■ TASK OBJECTIVE ■
Reproduce the listing word for word. Skip any image.

■ DATASET SECTION ■
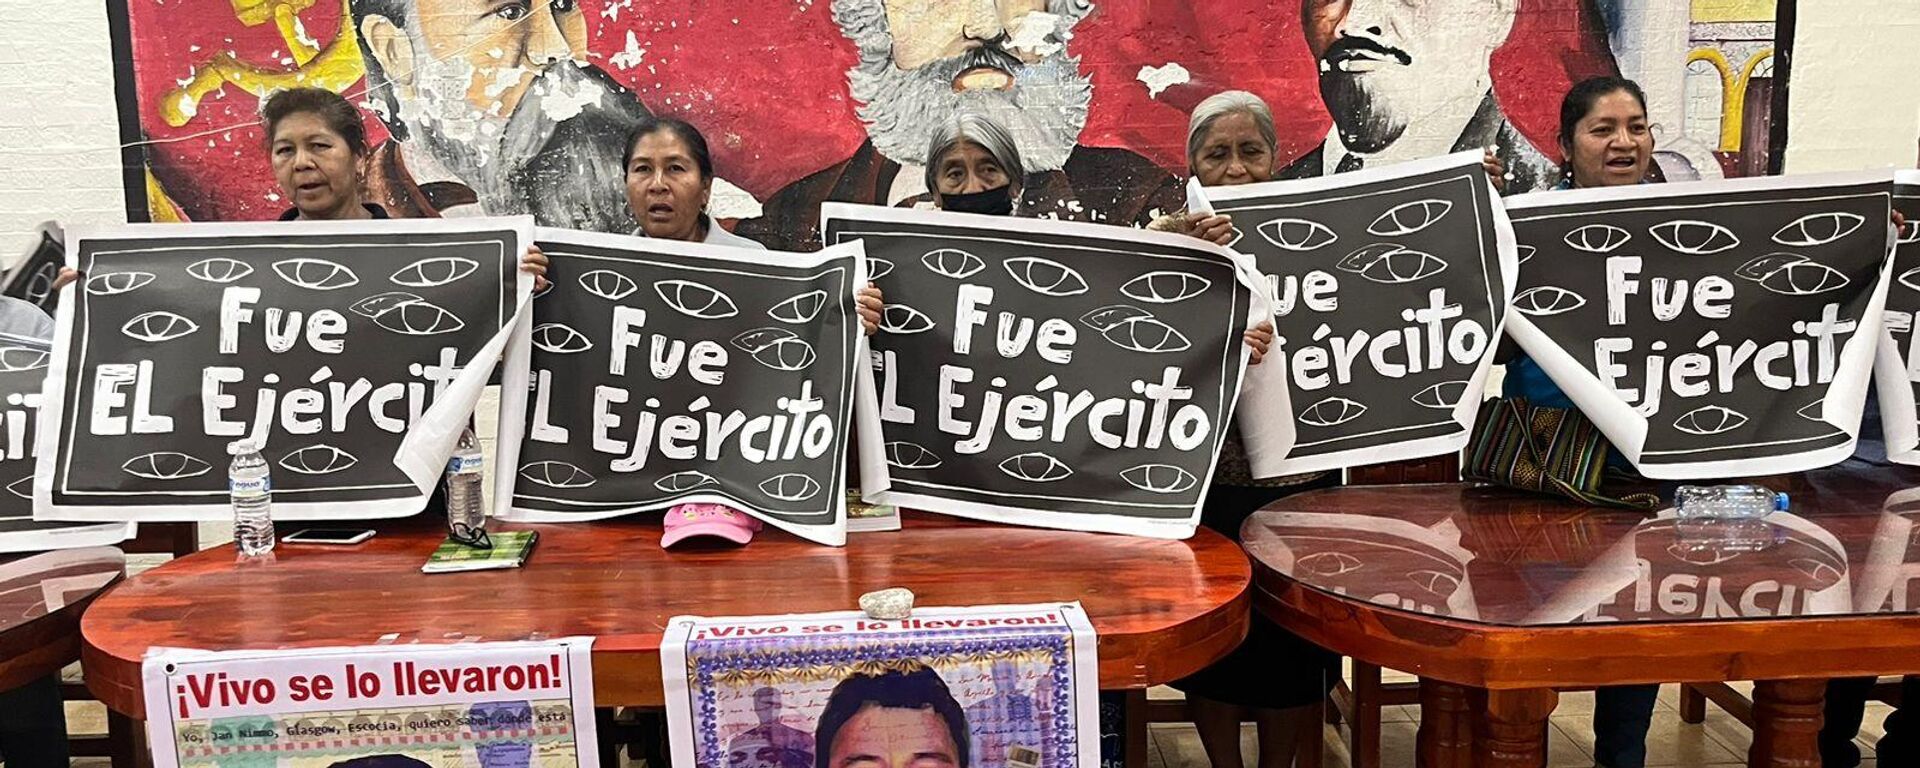 Familiares de los 43 normalistas desaparecidos de Ayotzinapa han alzado la voz desde que se perpetró el ataque en 2014 - Sputnik Mundo, 1920, 23.03.2023
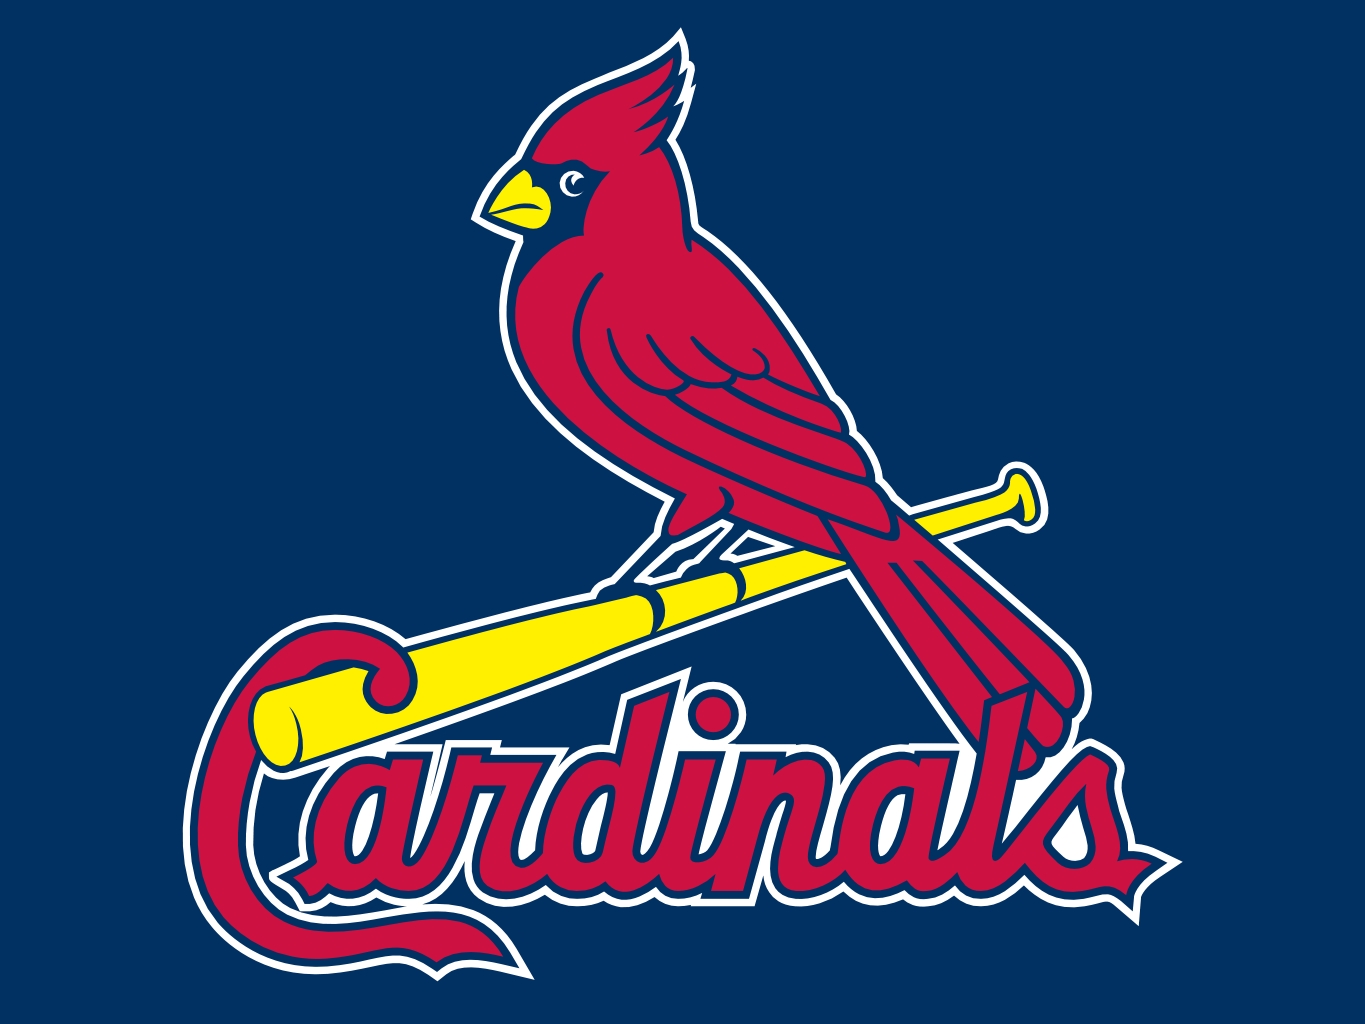 RD Cardinals logo
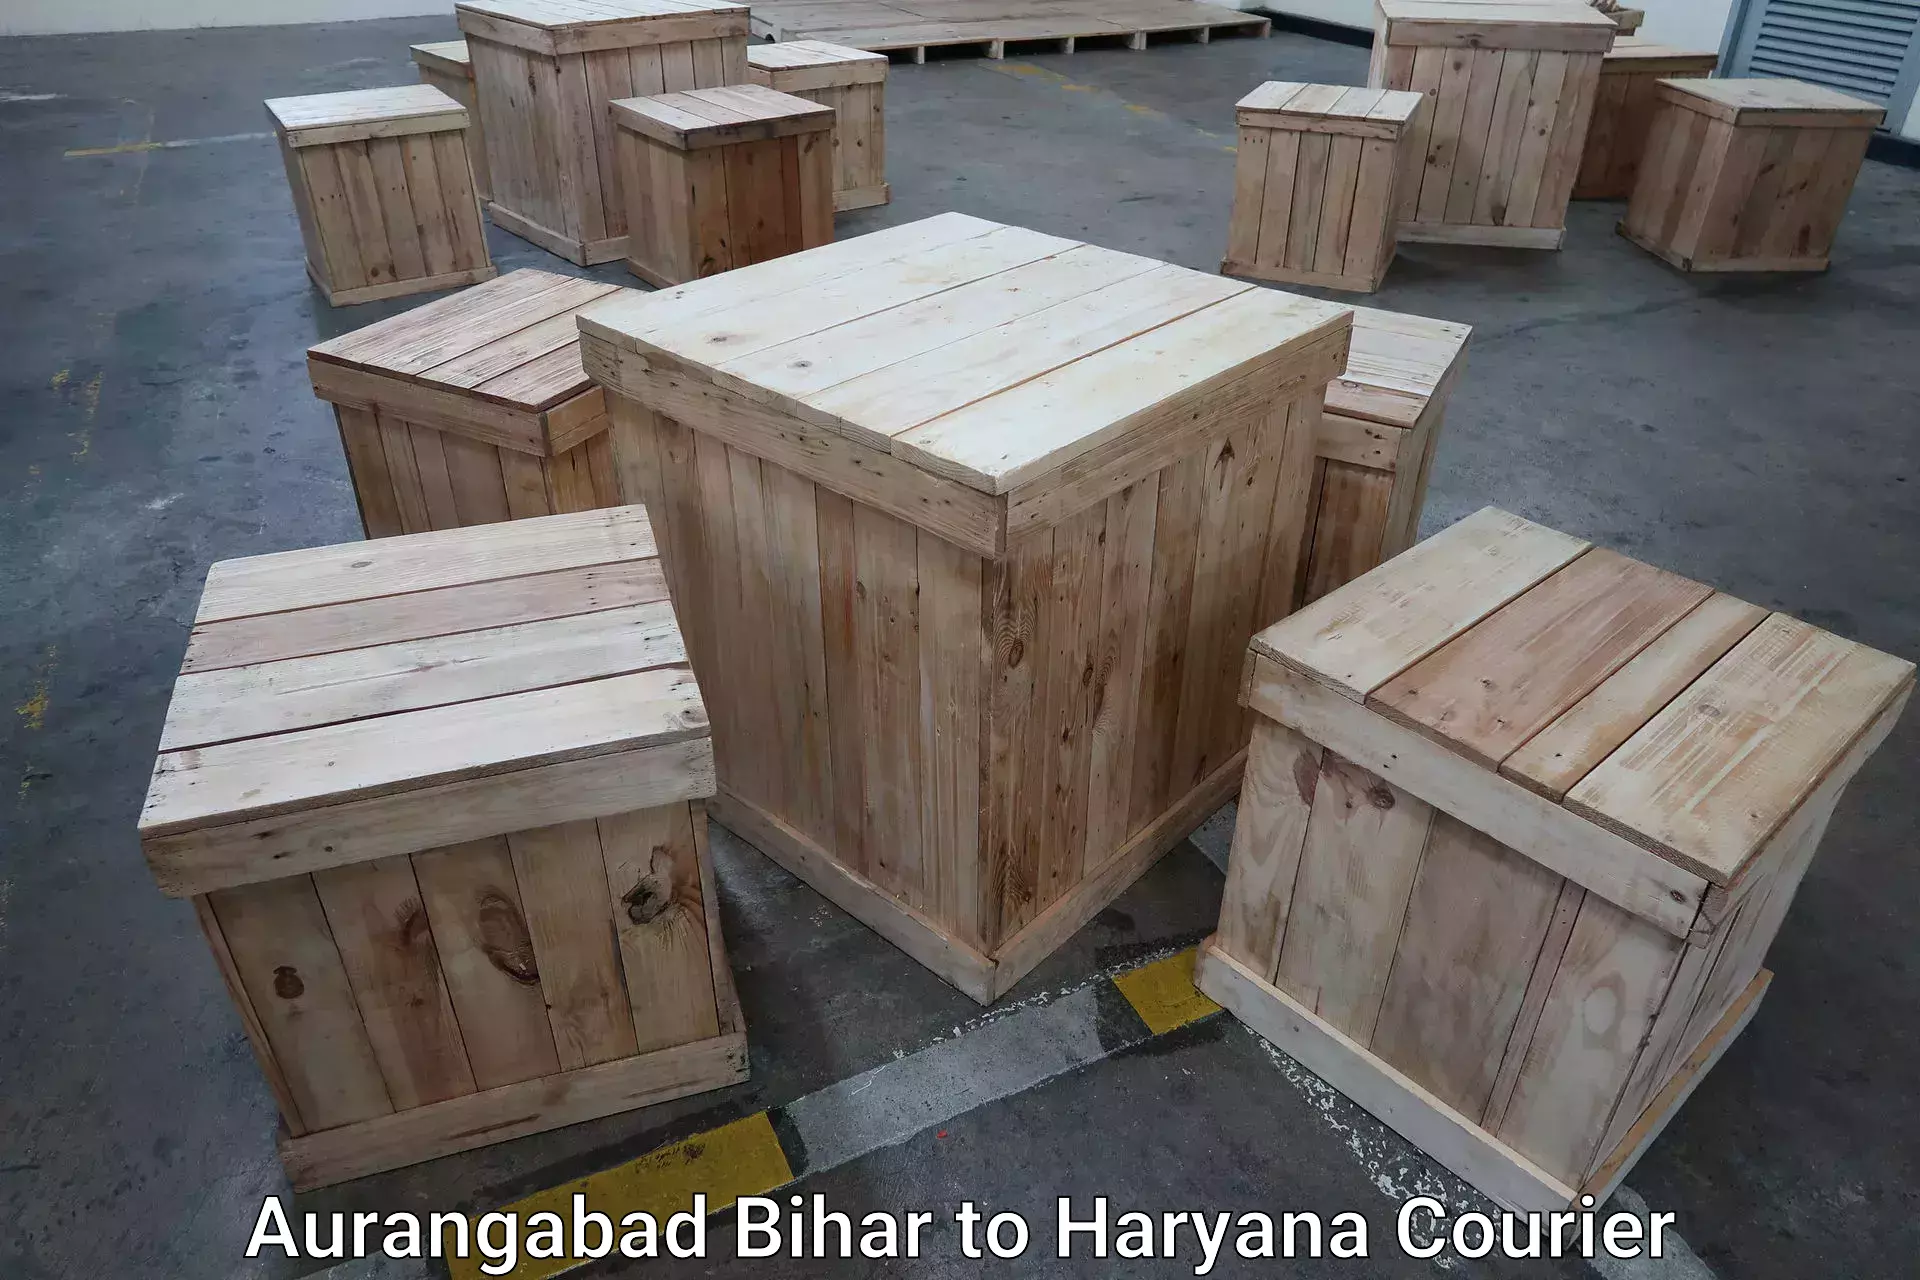 Luggage delivery providers Aurangabad Bihar to Barwala
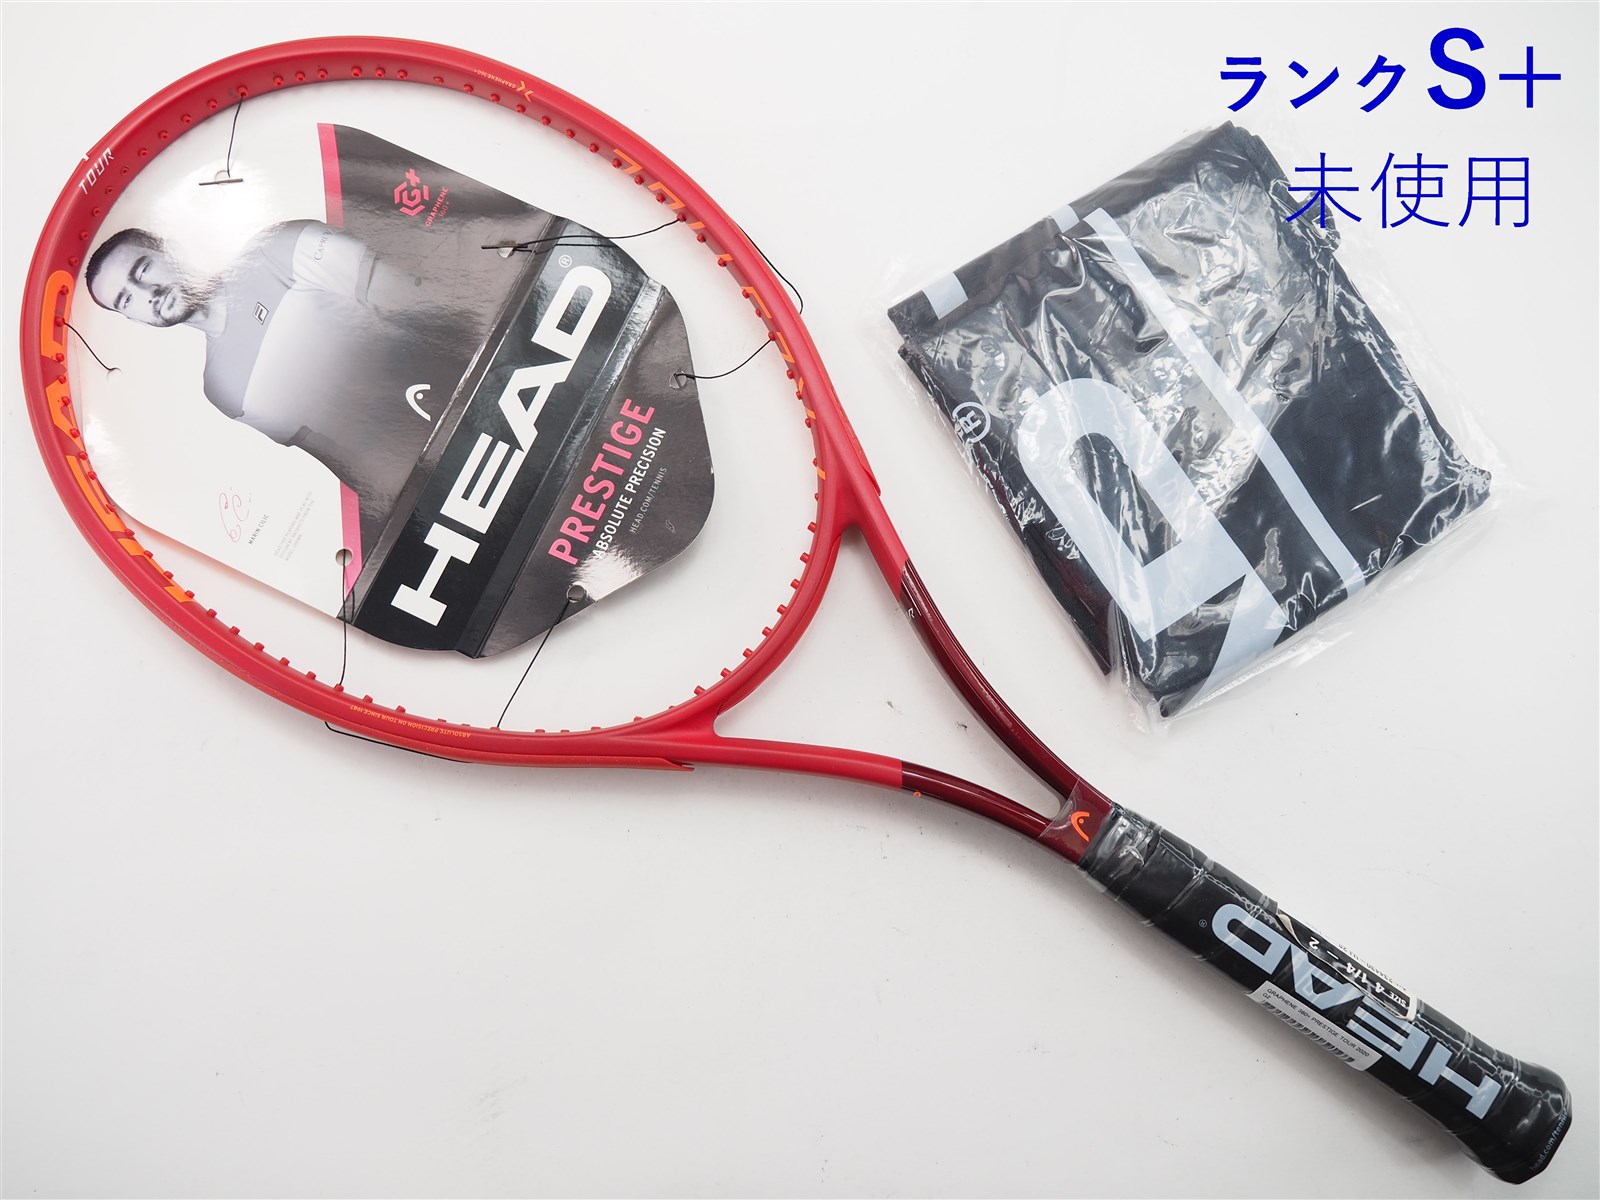 テニスラケット ヘッド グラフィン 360プラス プレステージ ミッド 2020年モデル (G2)HEAD GRAPHENE 360+ PRESTIGE MID 2020

■ WRITTEN SOLUTION ■
 Familiares de los 43 normalistas desaparecidos de Ayotzinapa han alzado la voz desde que se perpetró el ataque en 2014 - Sputnik Mundo, 1920, 23.03.2023
 RD Cardinals logo
 Luggage delivery providers Aurangabad Bihar to Barwala
 テニスラケット ヘッド グラフィン 360プラス プレステージ ミッド 2020年モデル (G2)HEAD GRAPHENE 360+ PRESTIGE MID 2020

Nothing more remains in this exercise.